In December 2008, Steven Englum was employed as a police officer by the City of Charleston (City) – a non-home-rule municipality – when he was injured while exiting his police cruiser. In November 2013, Englum sent the City a letter requesting health insurance benefits under §10 of the Public Safety Employee Benefits Act (PSEBA). In December 2013, the City enacted an ordinance establishing local administrative procedures to determine applicants’ eligibility for §10 benefits. The City sent Englum notice of a hearing pursuant to those procedures, at which Englum’s eligibility would be determined. Rather than participate in the City’s administrative proceedings, Englum filed suit in state court asking the court to determine Englum’s eligibility for §10 benefits and to prevent the City from conducting an eligibility hearing under the City’s ordinance.
The trial court determined that the proper procedure for determining §10 benefits eligibility was for the court to decide Englum’s complaint for declaratory relief. As a result, the trial court held a hearing on Englum’s complaint for declaratory relief and determined that he was entitled to §10 benefits.

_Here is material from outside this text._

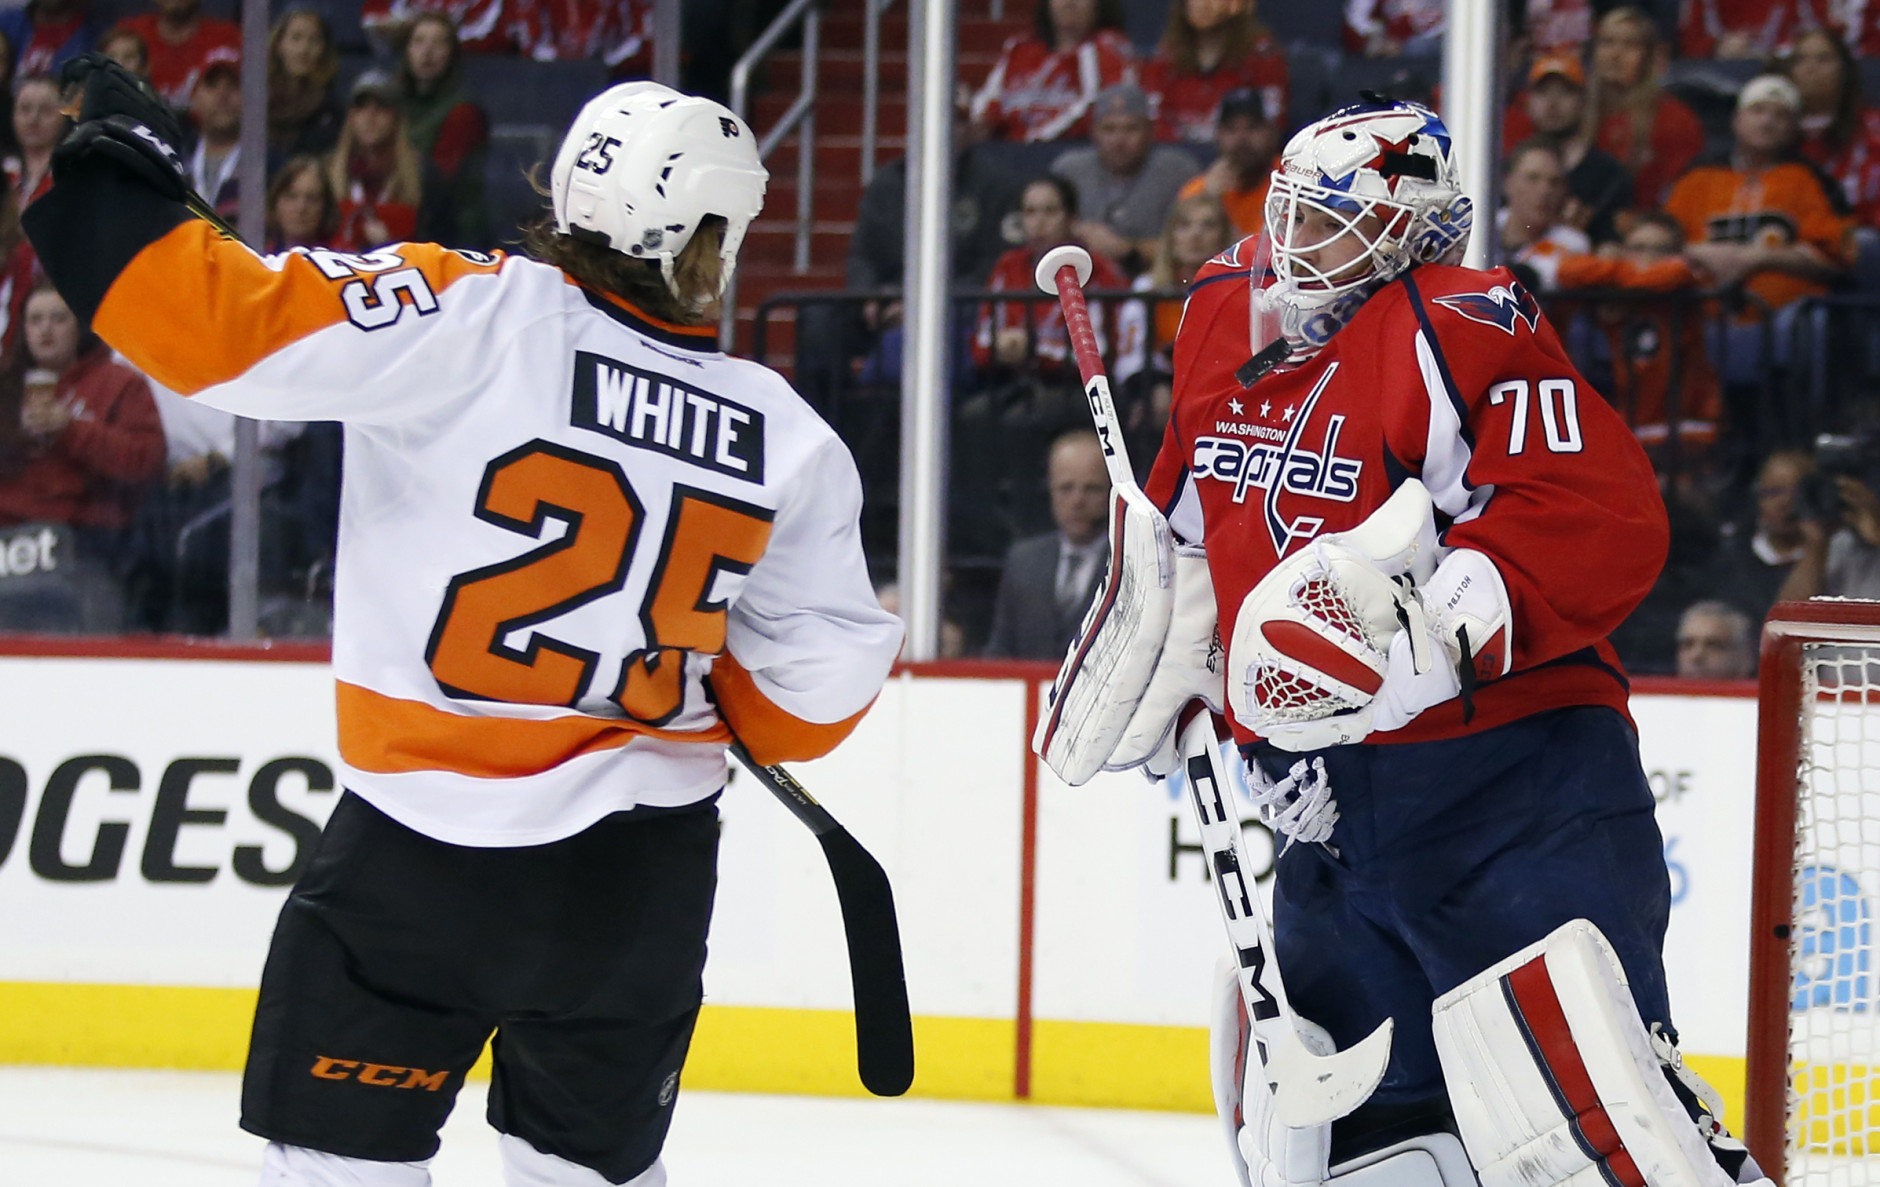 Washington Capitals goalie Braden Holtby (70) blocks a shot with Philadelphia Flyers center Ryan White (25) nearby during the first period of Game 1 of a first-round NHL hockey Stanley Cup playoff series Thursday, April 14, 2016, in Washington. (AP Photo/Alex Brandon)

The Appellate Court reversed. In Illinois, non-home-rule units possess only those powers that are specifically conveyed by the Constitution or by statute. The Appellate Court found that Sections 10-4-1 and 1-2-1 of the Illinois Municipal Code provided the City with the necessary authority to enact an ordinance creating an administrative procedure to determine its employees’ eligibility for health insurance benefits under PSEBA. Thus, Englum’s eligibility for §10 benefits should have been determined by the City’s procedures rather than the court. Thus, the appellate court reversed the trial court’s decision denying the City’s motion to dismiss Englum’s complaint for declaratory relief without addressing Englum’s underlying claim for §10 benefits.